The grounds of the temple were formerly a palace for the Emperor Hanazono. Hanazono abdicated in 1318 and took the tonsure (became a monk) in 1335, and in 1342 donated the palace to found the temple. The district and many places in the area are named "Hanazono" in his honor. The head temple was founded in 1342 by the Zen master Kanzan Egen (関山慧玄, 1277–1360), third patriarch in the influential Ōtōkan lineage.

As with most Zen temples in Japan, in addition to the name Myōshin-ji, the temple complex also has a "mountain name," harkening back to the period in China when most Chinese Zen temples were located in the mountains.
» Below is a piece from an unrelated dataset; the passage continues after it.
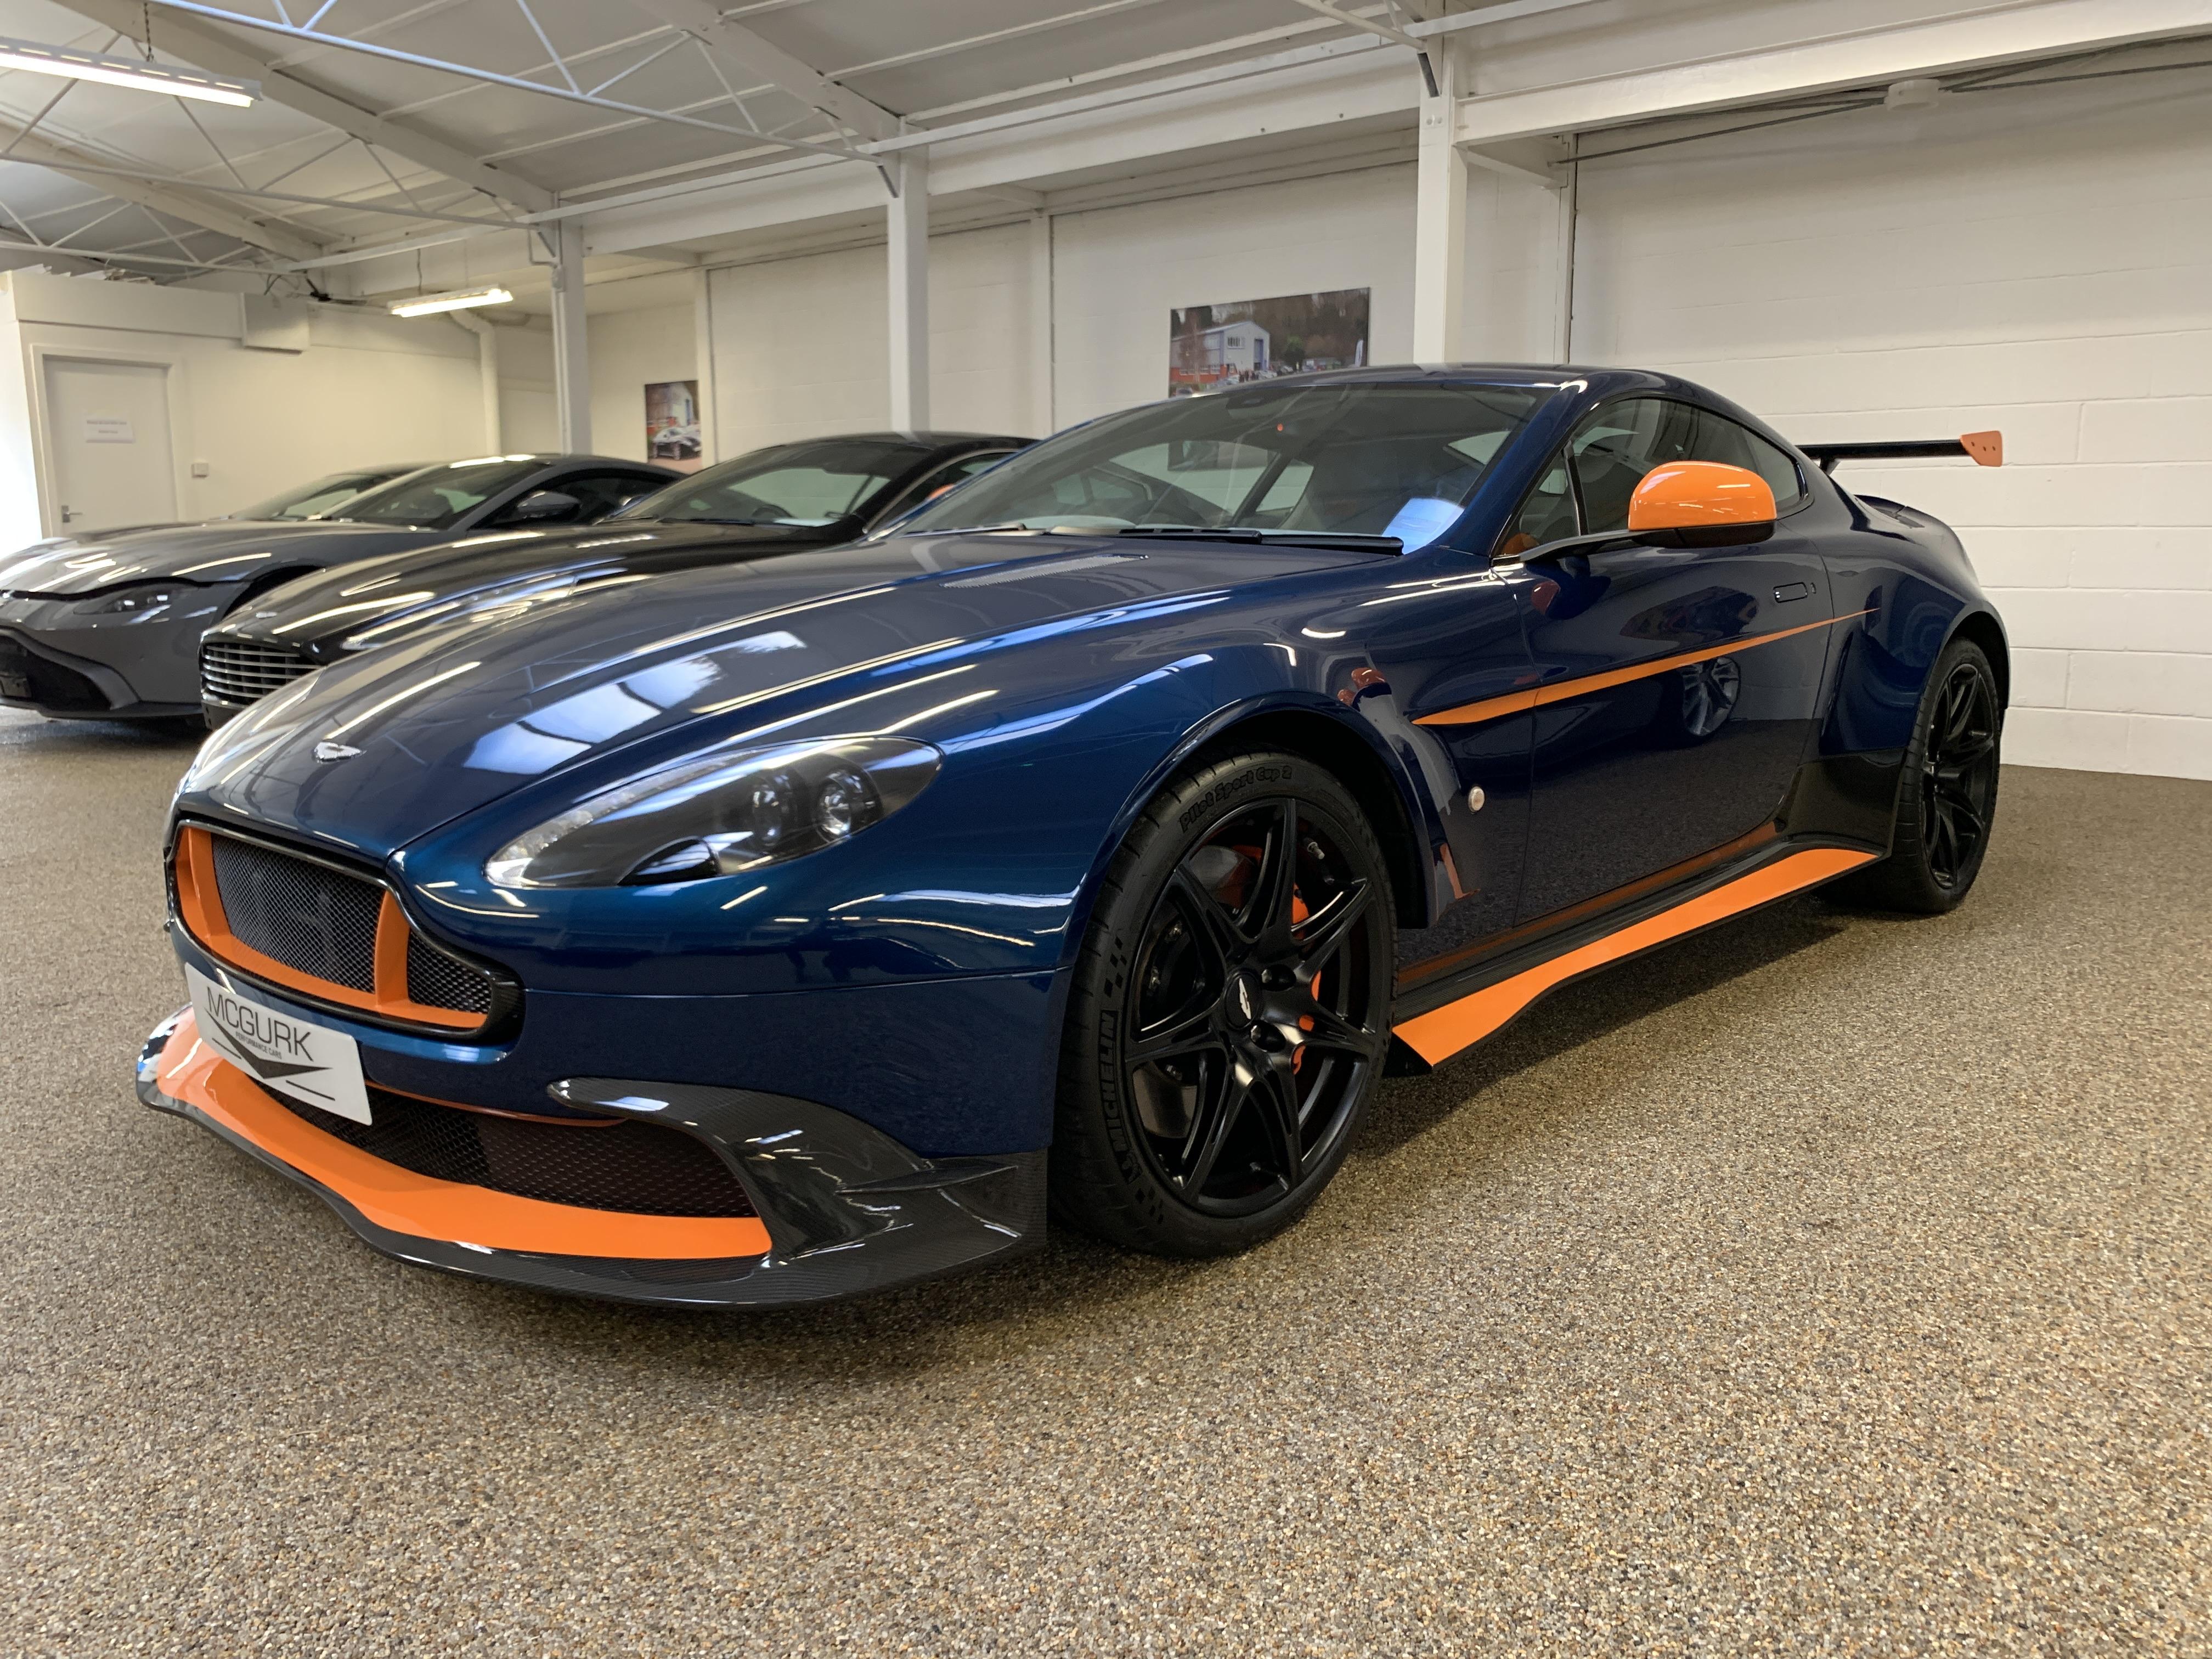 Aston Martin Gt8 2017 Mcgurk Performance Cars

Myōshin-ji's mountain name is Shōbōzan (正法山), or "Mountain of the True Dharma."

Nearly all of the buildings were destroyed in the Ōnin War in 1467. However, many of them have been rebuilt, initially under the leadership of Sekko-Soshin Zenji (1408–1486), the sixth patriarch. The present buildings were primarily built during the following 150 years (late 15th through early 17th century), and today the gardens of Myōshin-ji are a nationally designated Place of Scenic Beauty and Historic Site.

The temple's bell, known as Okikicho, is the oldest-known example of a Buddhist bonshō ("temple bell") in Japan, as well as being the oldest bell in the world still in use. It was cast in 698.

== School ==
A difference between this and other schools of Rinzai Zen is that the Myōshin-ji school does not necessarily follow the set of established kōan for the sake of testing one's stage of enlightenment. Rather, the Myōshin-ji school allows the master to specifically tailor kōan to a student's needs and background. This method diverges from the traditionally accepted canon of kōan.

==Layout==

The complex is quite sprawling, and features a number of winding paths flanked by high walls, so it is easy to become disoriented when walking the grounds. As is usual in Japanese temple construction, the main buildings are located on the axis that extends north from the south gate in the southwest quadrant of the complex.

There is a main north–south path connecting the north gate and the south gate, which starts parallel to the main buildings, and then continues north, through a slight curve, and ends at the north gate. There is also an east–west path leading east from the main buildings (starting in the west at the sub-temple Tenju-in, passing between the hattō and butsuden, then ending in the east, after a curve, at the sub-temple Tōrin-in). In addition to the direct north–south path, there is a longer path that proceeds east from the north gate, winds past Keishun-in, and then terminates just south of Daishin-in. In addition to these main routes, there are a number of side paths which are all lined with sub-temples, generally each with a single entrance.

==Buildings==
- Important Cultural Property of Japan
  - Chokushimon - Built in 1610.
  - Sanmon - Built in 1599.
  - Butsuden - Built in 1827.
  - Hattō - Built in 1656.
  - Dai-hōjō - Built in 1654.
  - Kuri - Built in 1653.
  - Sho-hōjō - Built in 1603.
  - Yokushitsu - Built in 1656.
  - Kyōzō - Built in 1673.
  - Minamimon - Built in 1610.
  - Kitamon - Built in 1610.
  - Genkan - Built in 1654.
  - Shindō - Built in 1656.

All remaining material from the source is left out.